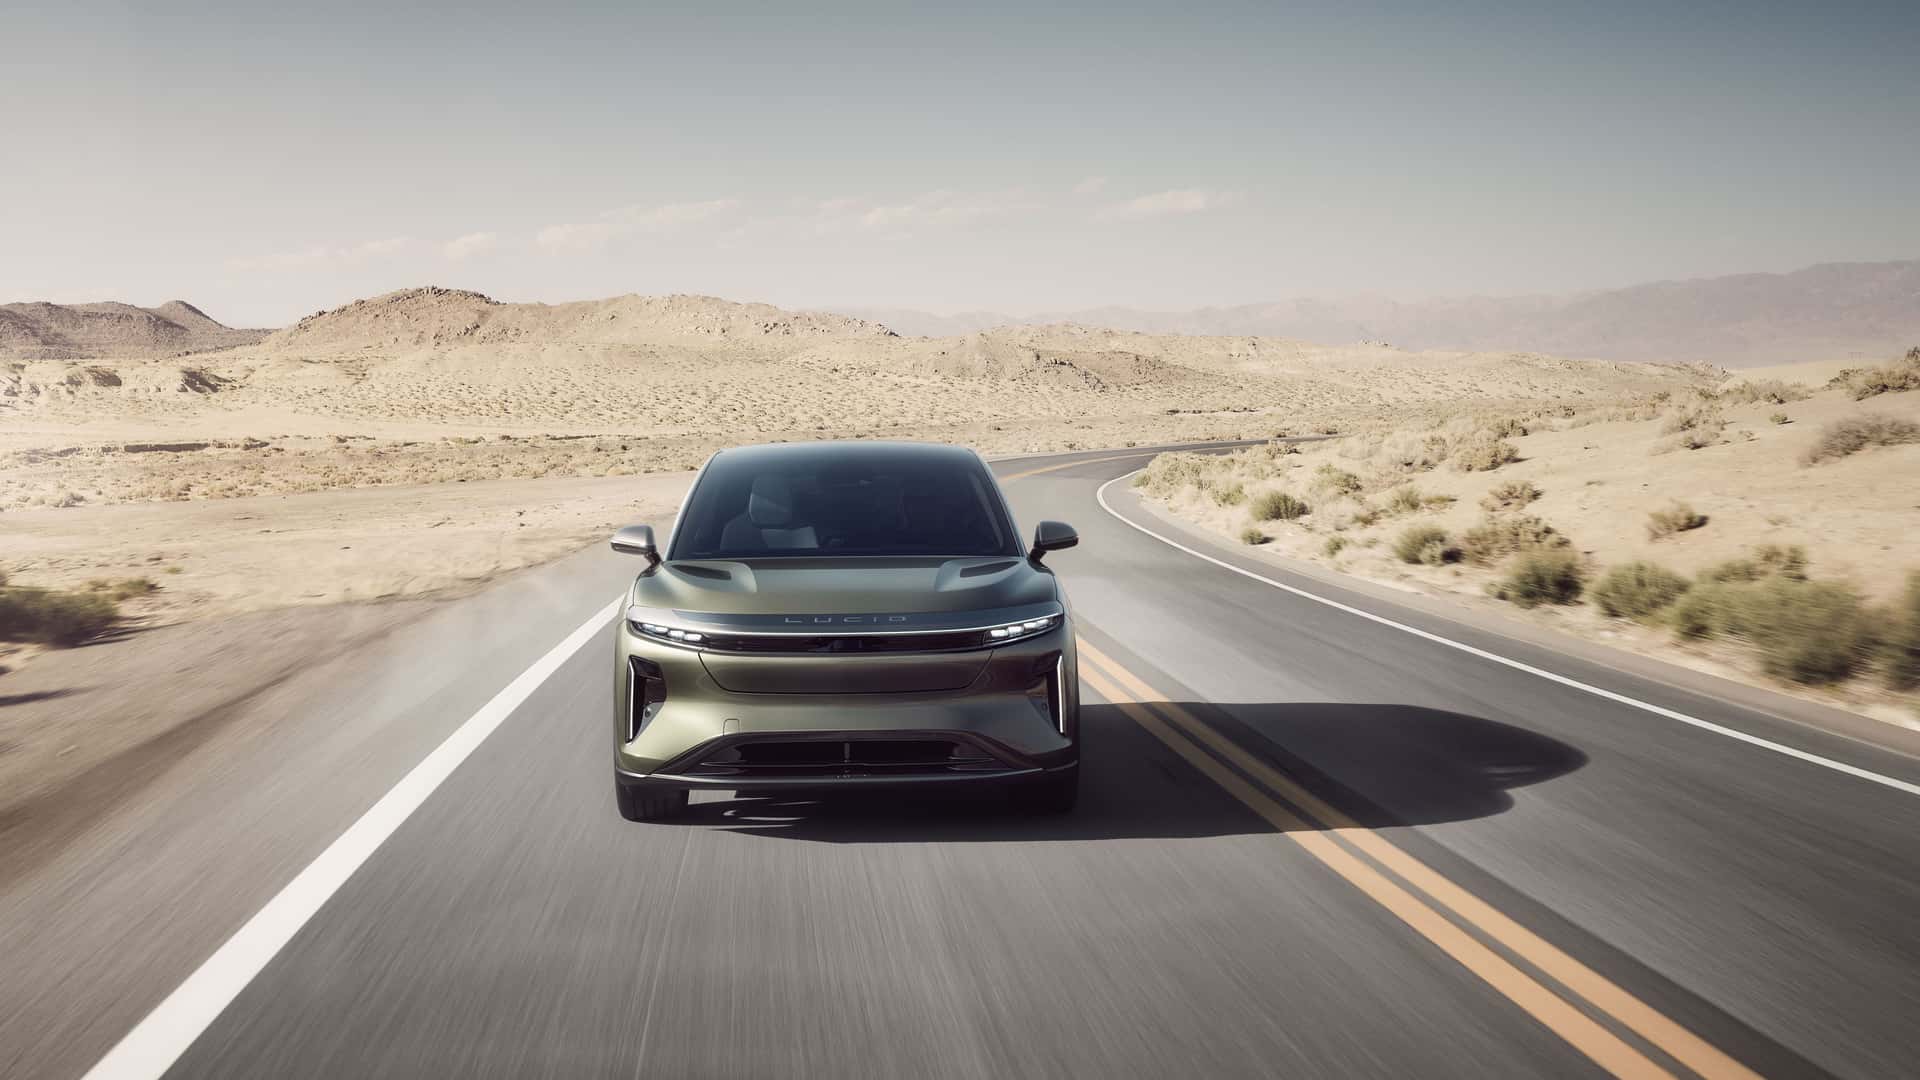 لوسيد جرافيتي SUV الكهربائية الفاخرة تنطلق رسمياً بمدى يتجاوز 700 كيلومتر وتسارع منافس للسيارات الخارقة 25
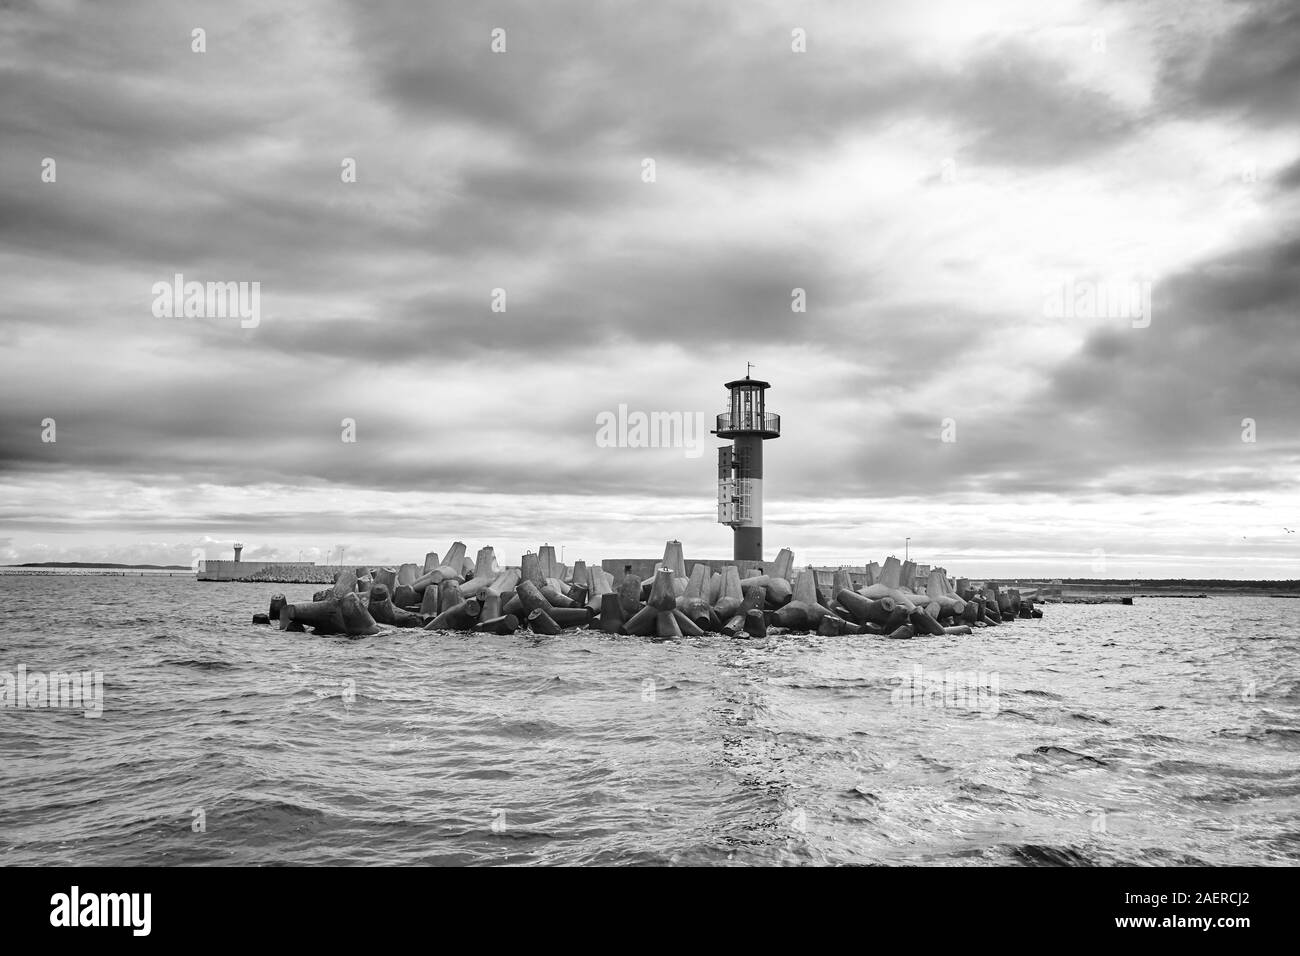 Immagine in bianco e nero di un faro sul mare con nuvole temporalesche. Foto Stock
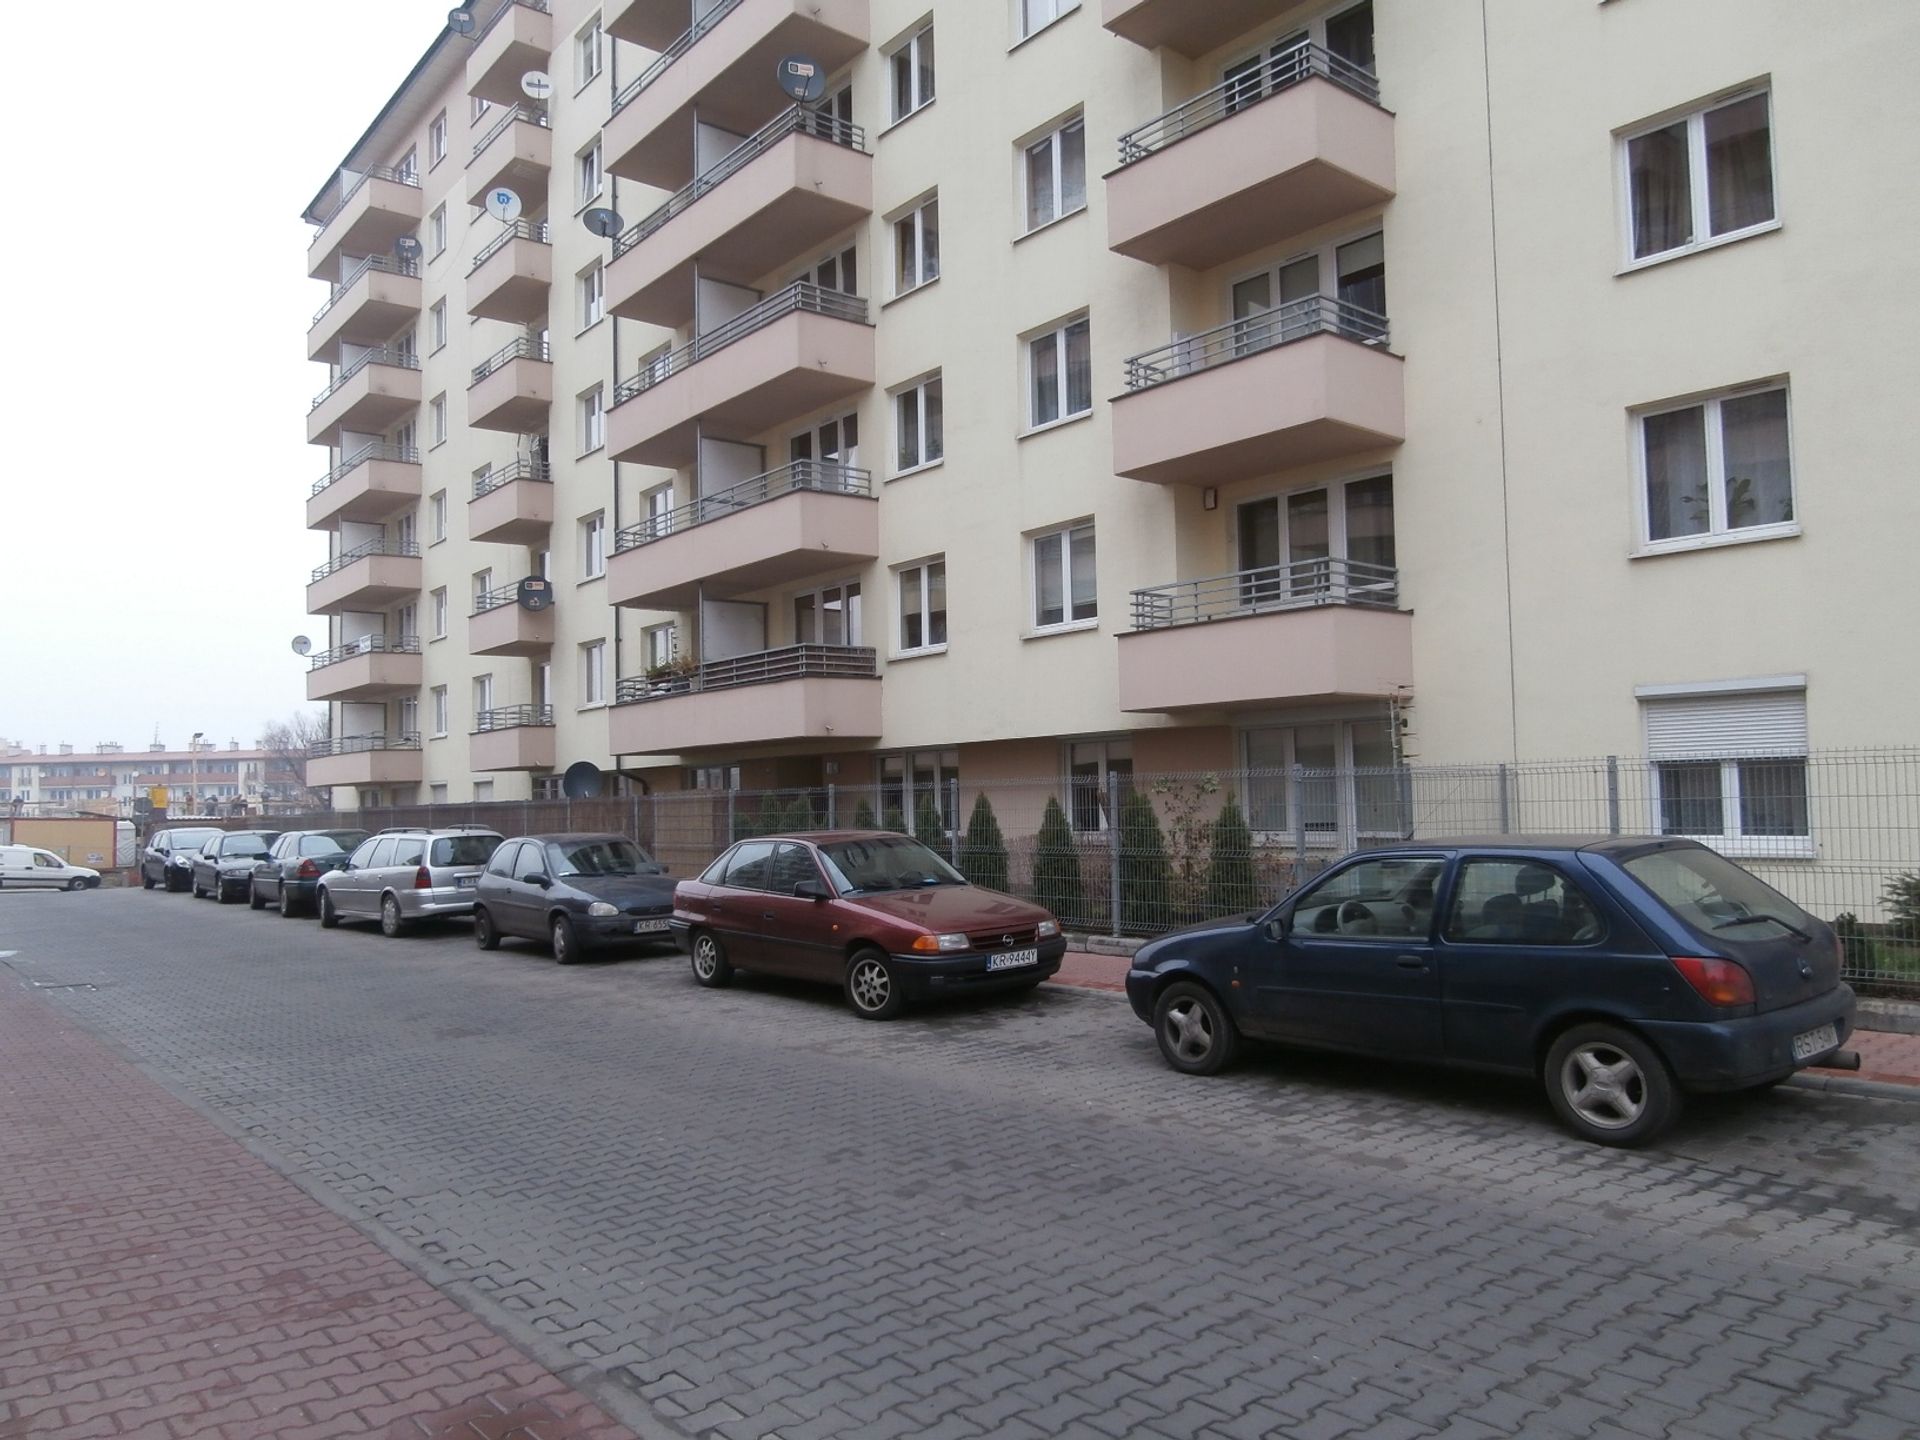  Ceny mieszkań w Krakowie wciąż rosną
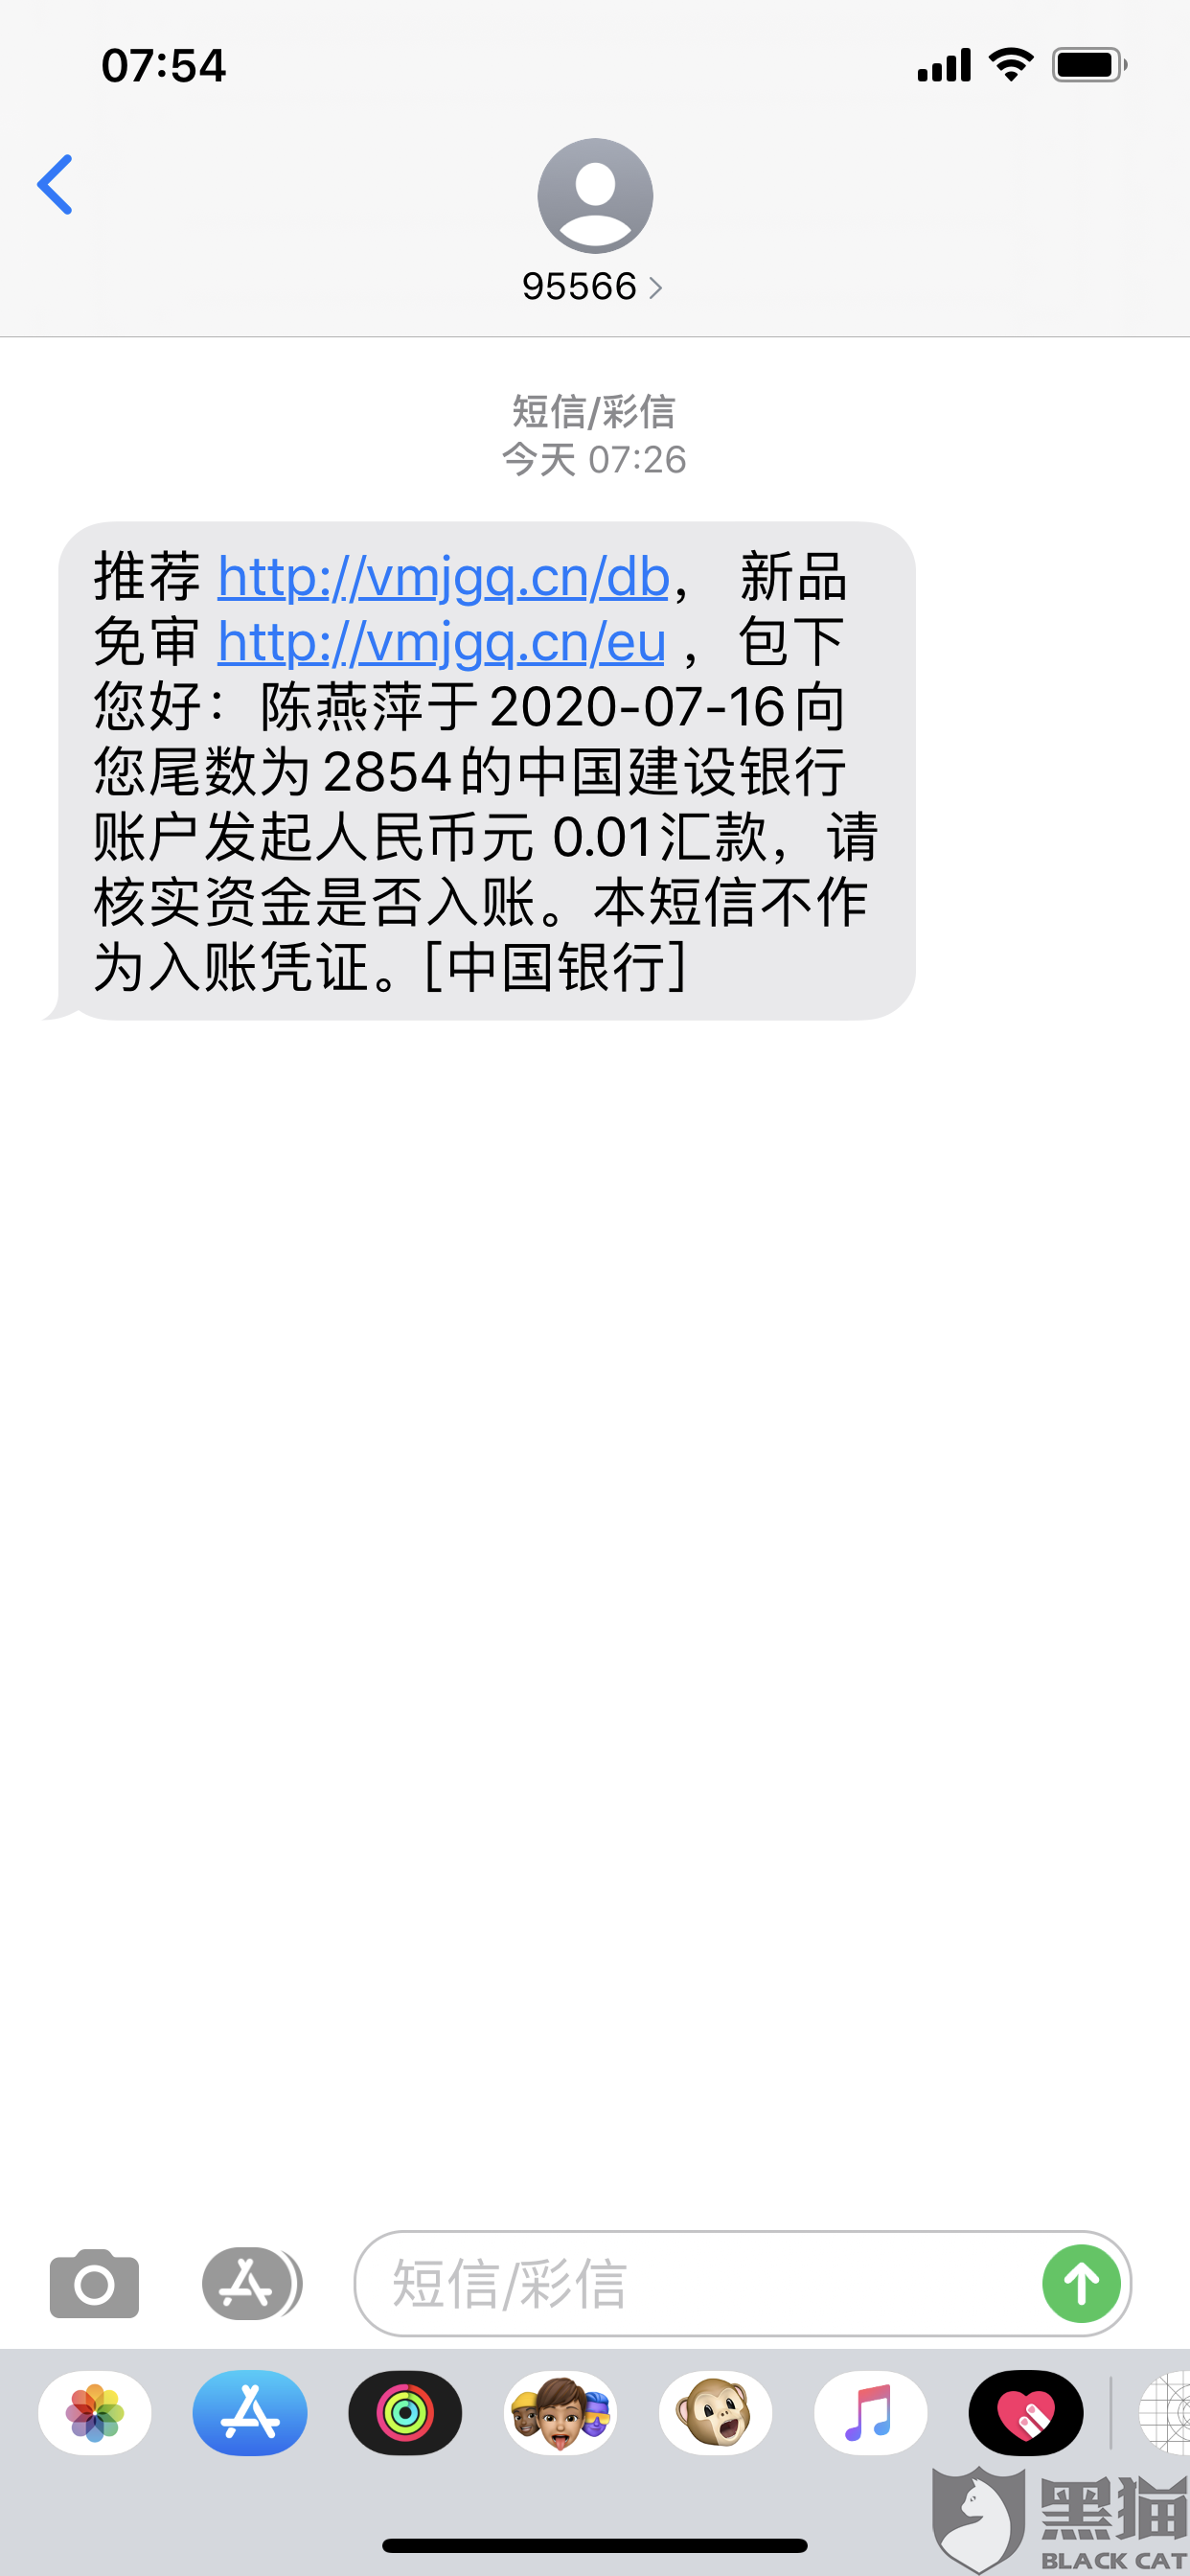 黑猫投诉:中国银行95566,发送网贷短信

+-------+

§ Exercise requirements: Every line between the one containing "Ceny mieszkań w Krakowie wciąż rosną" and the end of the listing, both included, needs to be retyped exactly, minus the pictures.

§ Task answer:
  Ceny mieszkań w Krakowie wciąż rosną
 黑猫投诉:中国银行95566,发送网贷短信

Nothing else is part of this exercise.